Abstract

Core self-evaluation summarizes a decision maker’s self-worth. This key personality trait has been shown to lead to extreme performance consequences of either winning or losing big. We suggest that these extreme performance outcomes may partly rest in how core self-evaluation affects executive’s perception and evaluation of risk in choices under uncertainty. We conducted a choice experiment building on the original prospect theory experiments with 97 executives, in which we measured the effect of core self-evaluation on risk behavior. As a robustness test, we replicated and validated our findings with a larger sample of 111 executives. Building on the tenets of prospect theory, we show that decision makers with high levels of core self-evaluation are less loss averse. Surprisingly, this effect differs depending on whether gains or losses are highlighted in the decision. For gains, higher levels of core self-evaluation are associated with behaviors that are closer to risk neutrality. For losses, however, we find that higher levels of core self-evaluation further enhance the risk-seeking behavior of decision makers.
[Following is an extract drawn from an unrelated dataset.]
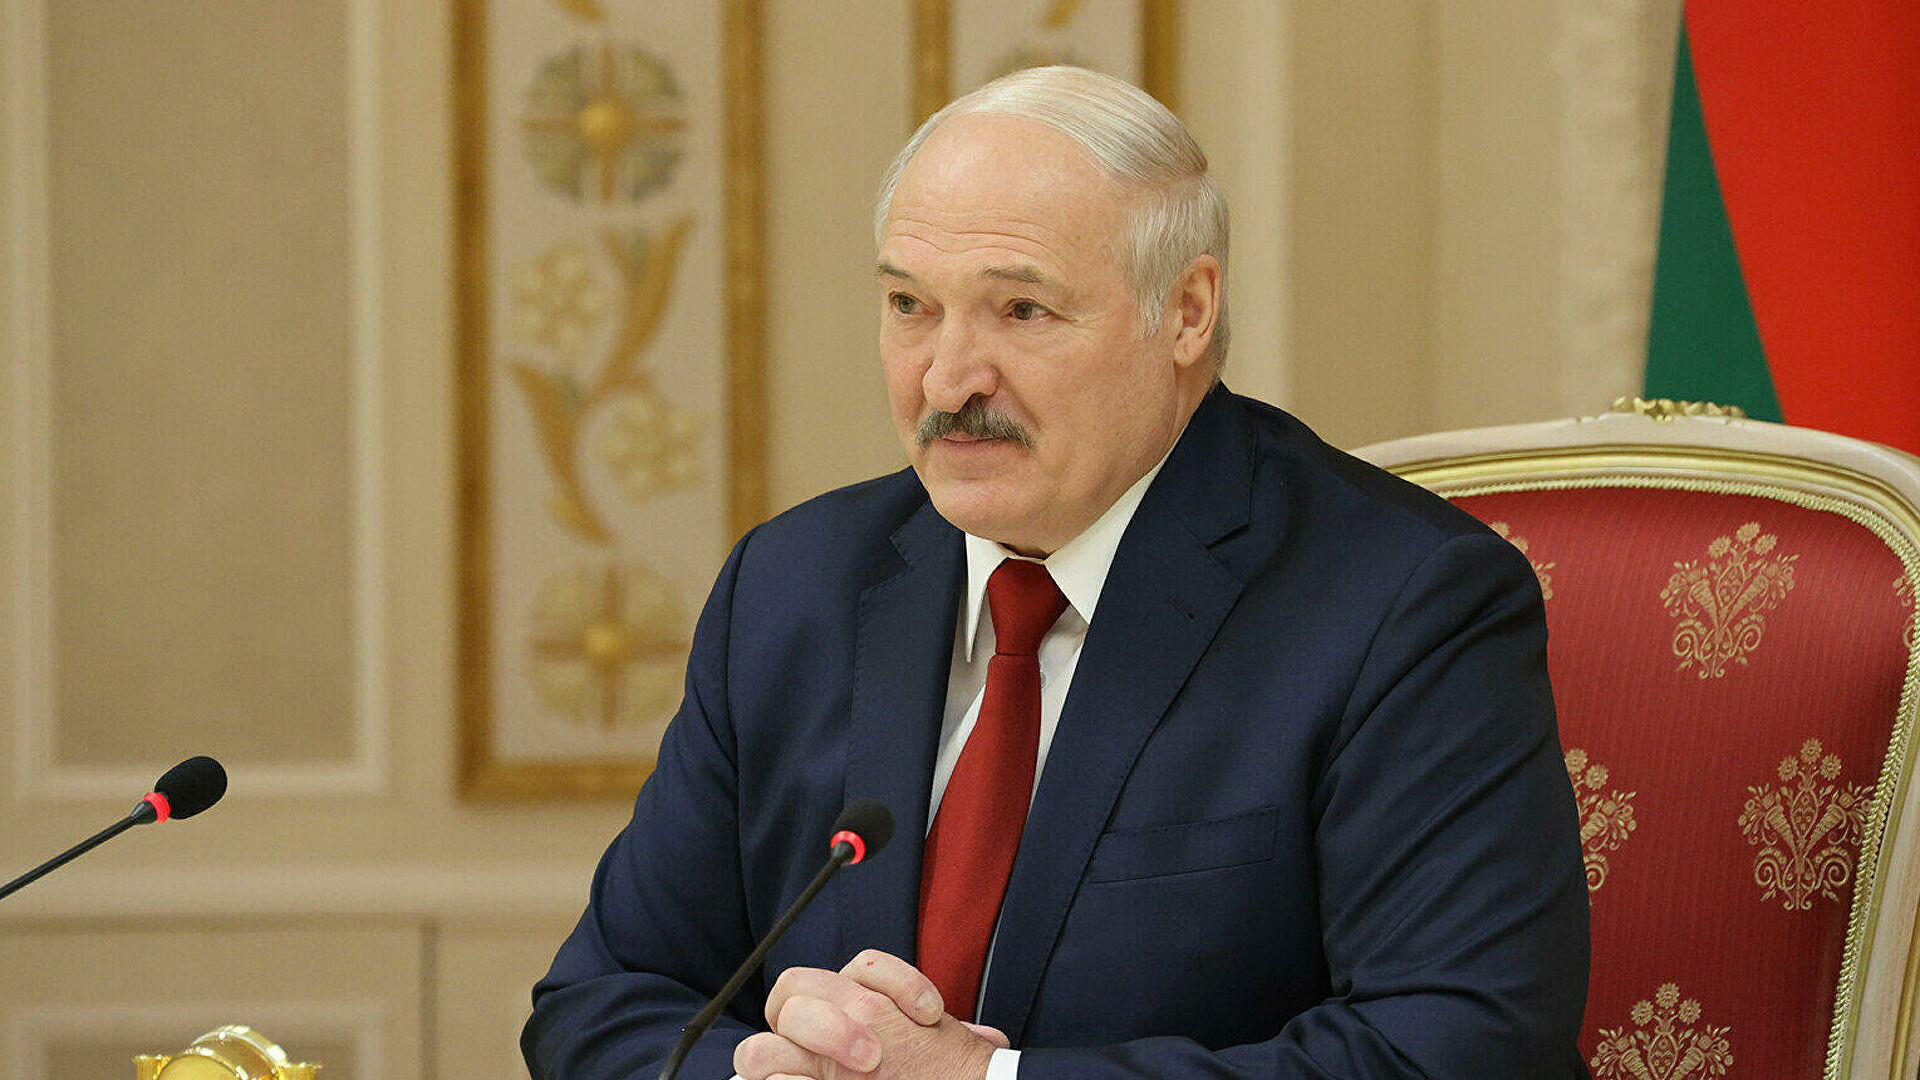 Президент Белоруссии Лукашенко призвал позволить новому поколению спокойно прийти к власти в стране

These findings contribute towards understanding the effects of core self-evaluation in the work environment as well as in the decision process and provide an additional lens for studying how the personality of executives affects choices under uncertainty.

Highlights

  • Behavioral research in the management domain has embraced the concept of core self-evaluation (CSE) that captures executives’ self-esteem, generalized selfefficacy, neuroticism, and locus of control as four core traits describing their individual personality structure (Hiller and Hambrick 2005; Judge et al 2003; Simsek et al 2010)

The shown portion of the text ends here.